[Opening MATERIAL FOR THIS EXERCISE section]

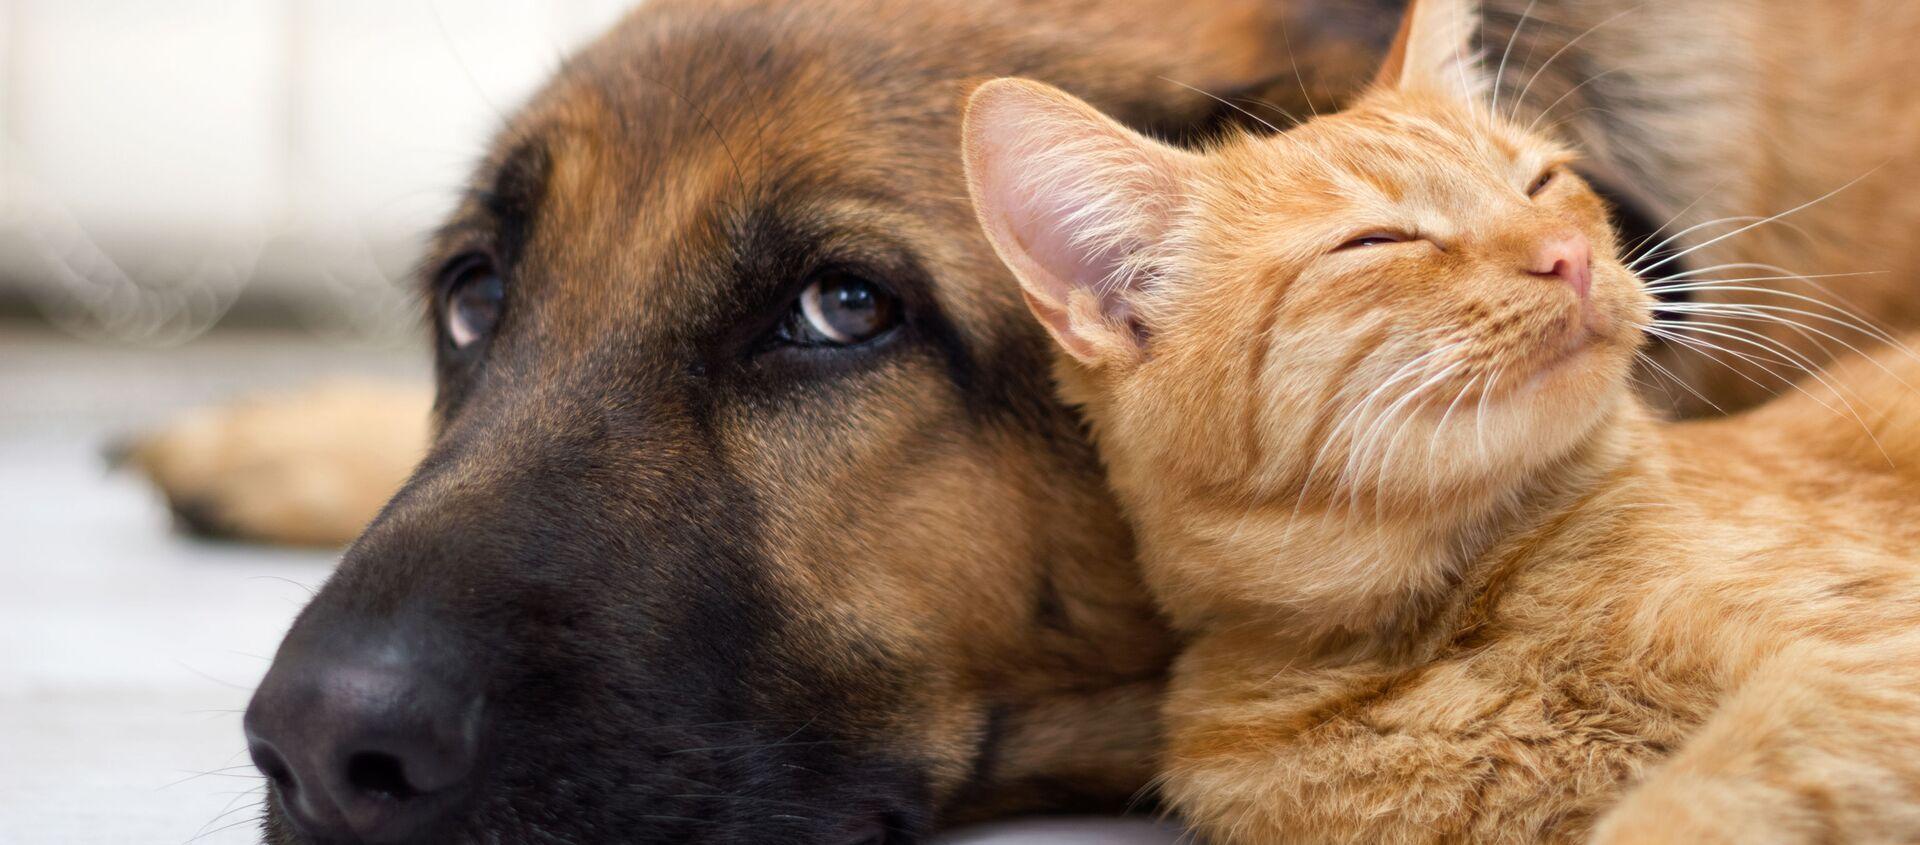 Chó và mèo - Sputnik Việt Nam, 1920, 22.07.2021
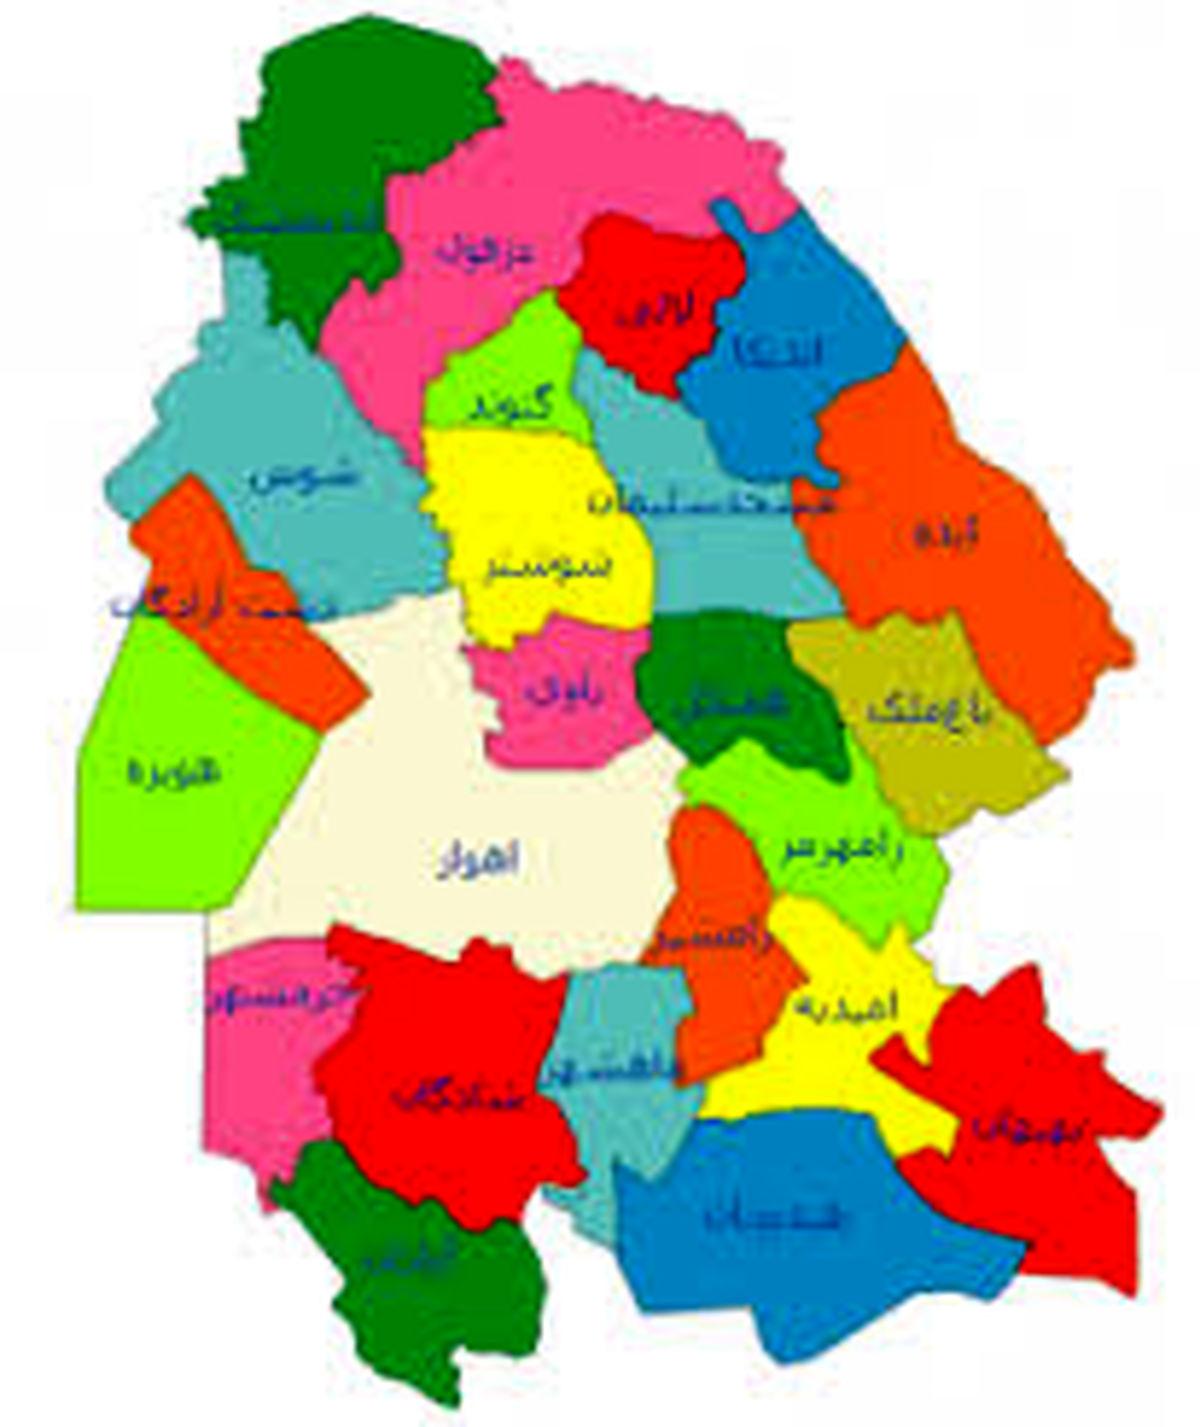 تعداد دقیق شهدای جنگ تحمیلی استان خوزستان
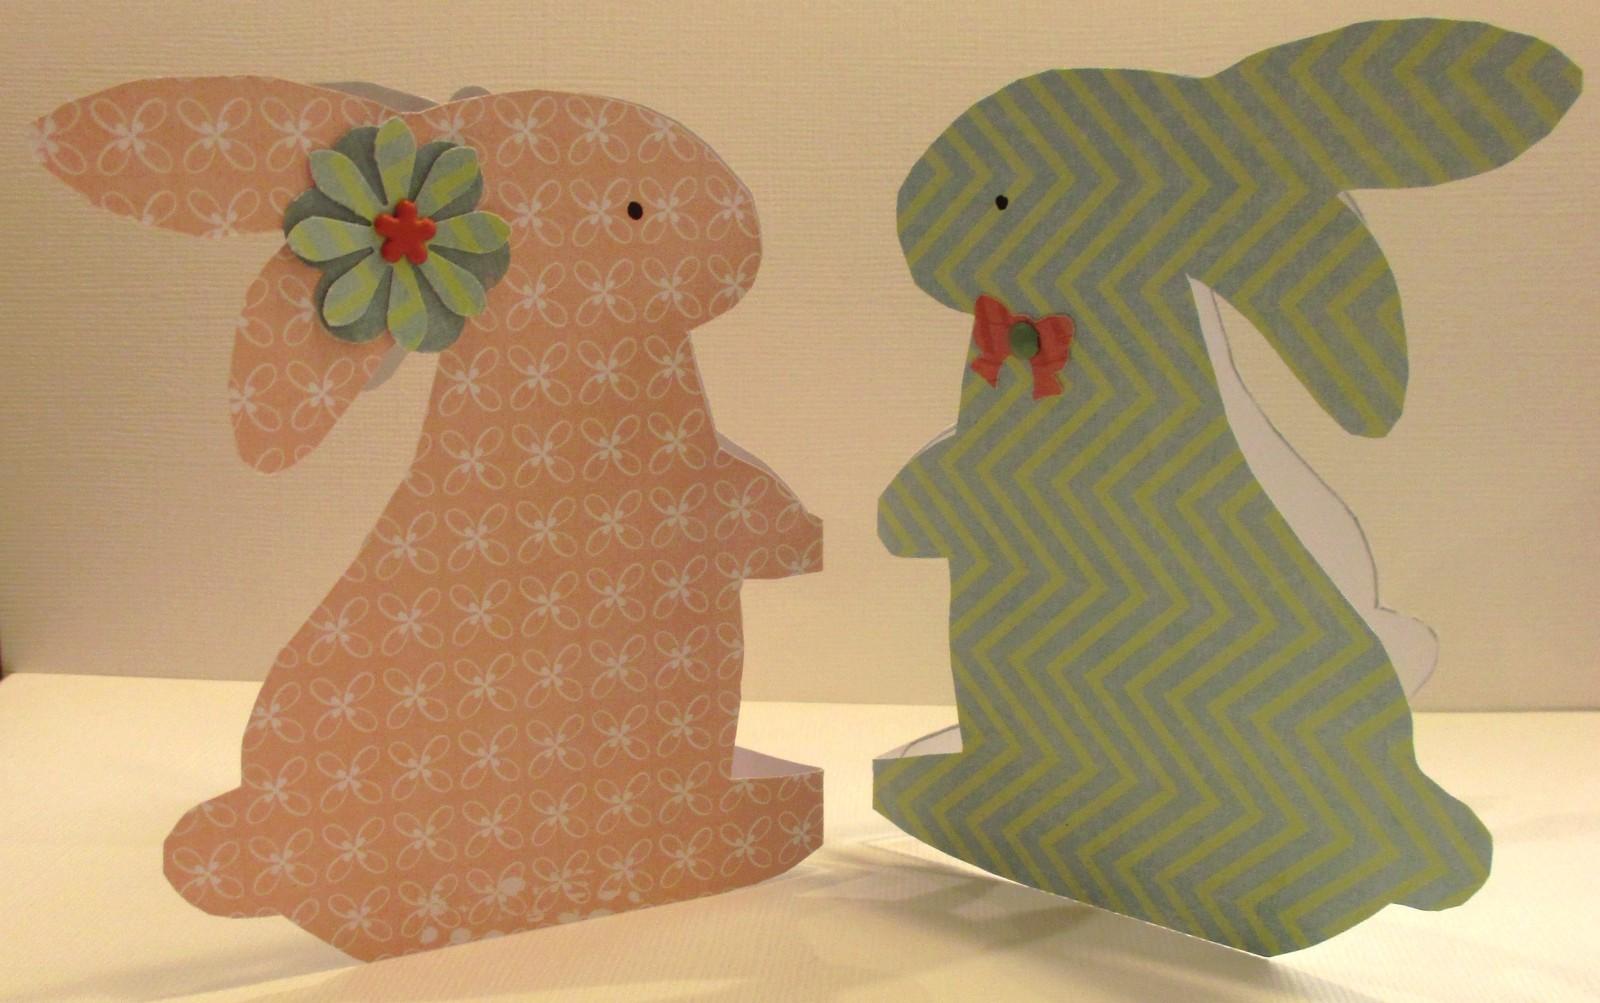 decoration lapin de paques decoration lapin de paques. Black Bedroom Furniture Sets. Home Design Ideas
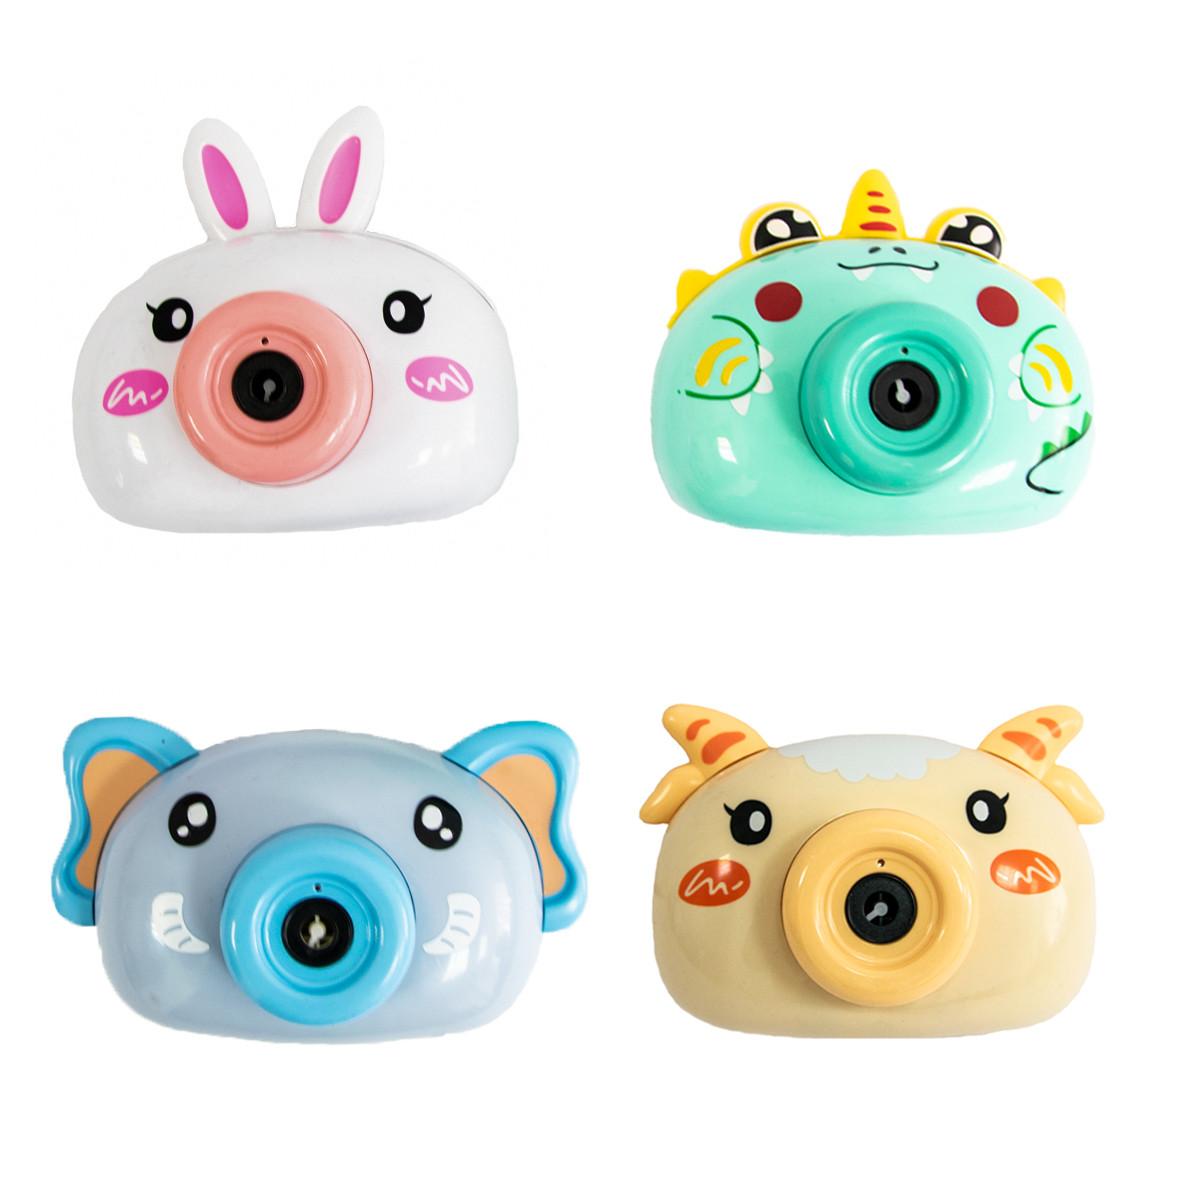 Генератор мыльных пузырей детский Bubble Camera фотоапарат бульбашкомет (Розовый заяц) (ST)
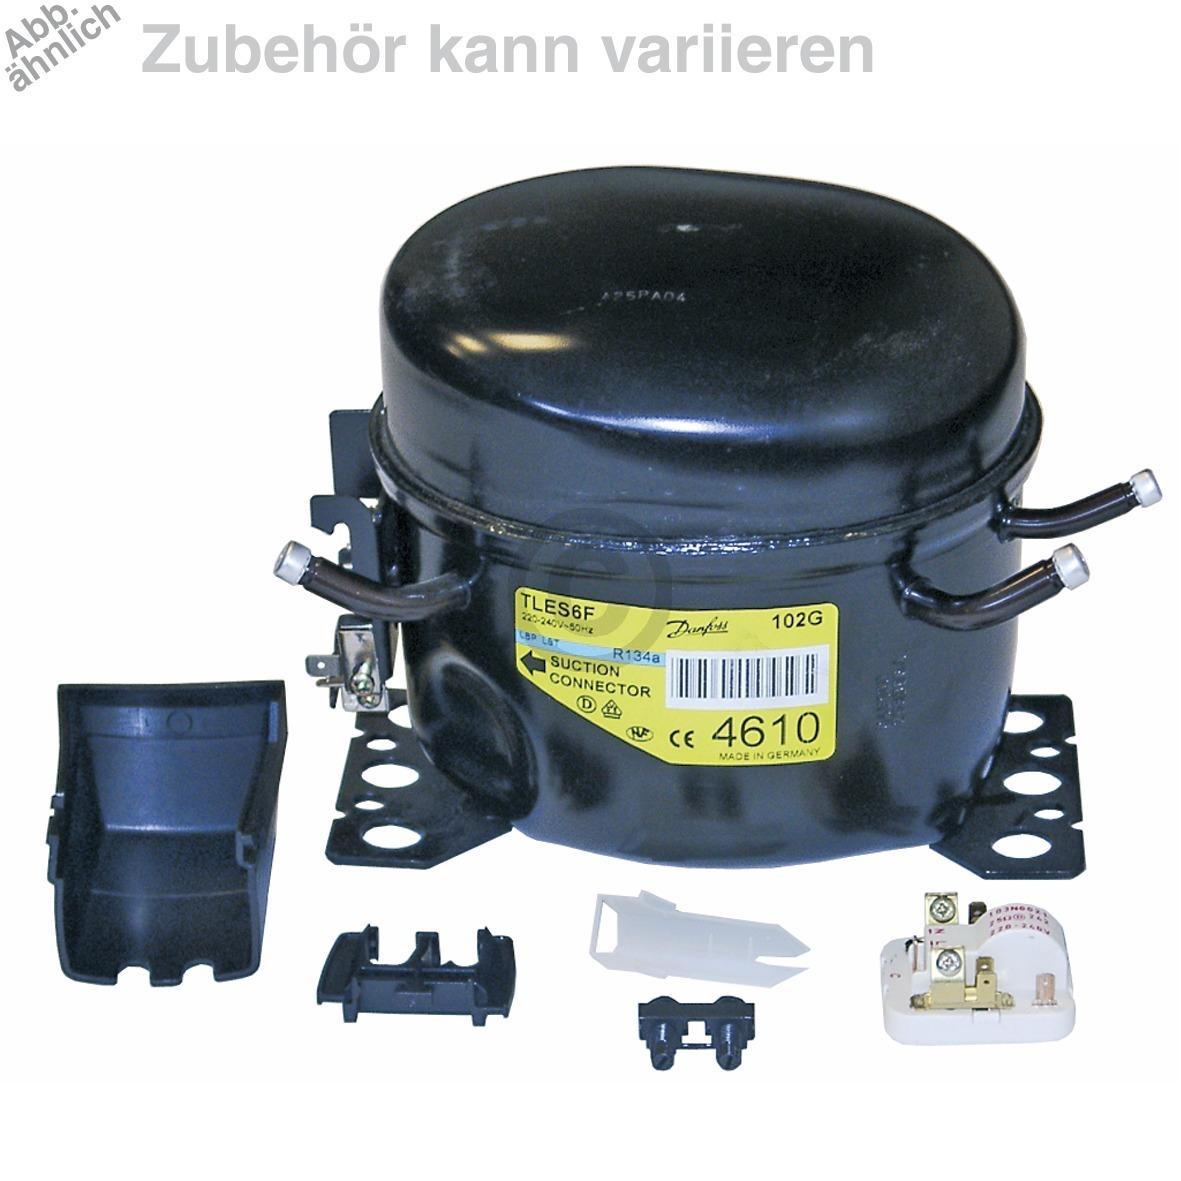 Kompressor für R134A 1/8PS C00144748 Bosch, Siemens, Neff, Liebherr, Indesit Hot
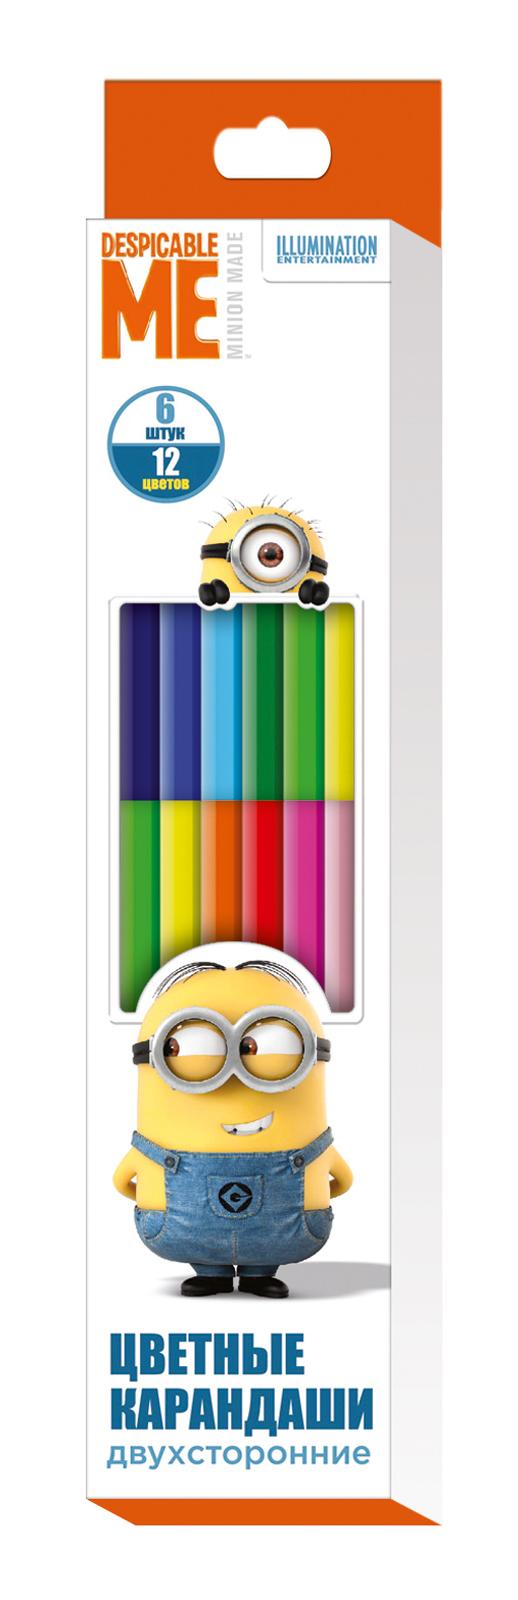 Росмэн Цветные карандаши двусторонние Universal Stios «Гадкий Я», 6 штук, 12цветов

[Closing MATERIAL FOR THIS EXERCISE section]

Omit all images when repeating the data above exactly.

 Chó và mèo - Sputnik Việt Nam, 1920, 22.07.2021
 تعداد دقیق شهدای جنگ تحمیلی استان خوزستان
 decoration lapin de paques decoration lapin de paques. Black Bedroom Furniture Sets. Home Design Ideas
 Генератор мыльных пузырей детский Bubble Camera фотоапарат бульбашкомет (Розовый заяц) (ST)
 Kompressor für R134A 1/8PS C00144748 Bosch, Siemens, Neff, Liebherr, Indesit Hot
 Росмэн Цветные карандаши двусторонние Universal Stios «Гадкий Я», 6 штук, 12цветов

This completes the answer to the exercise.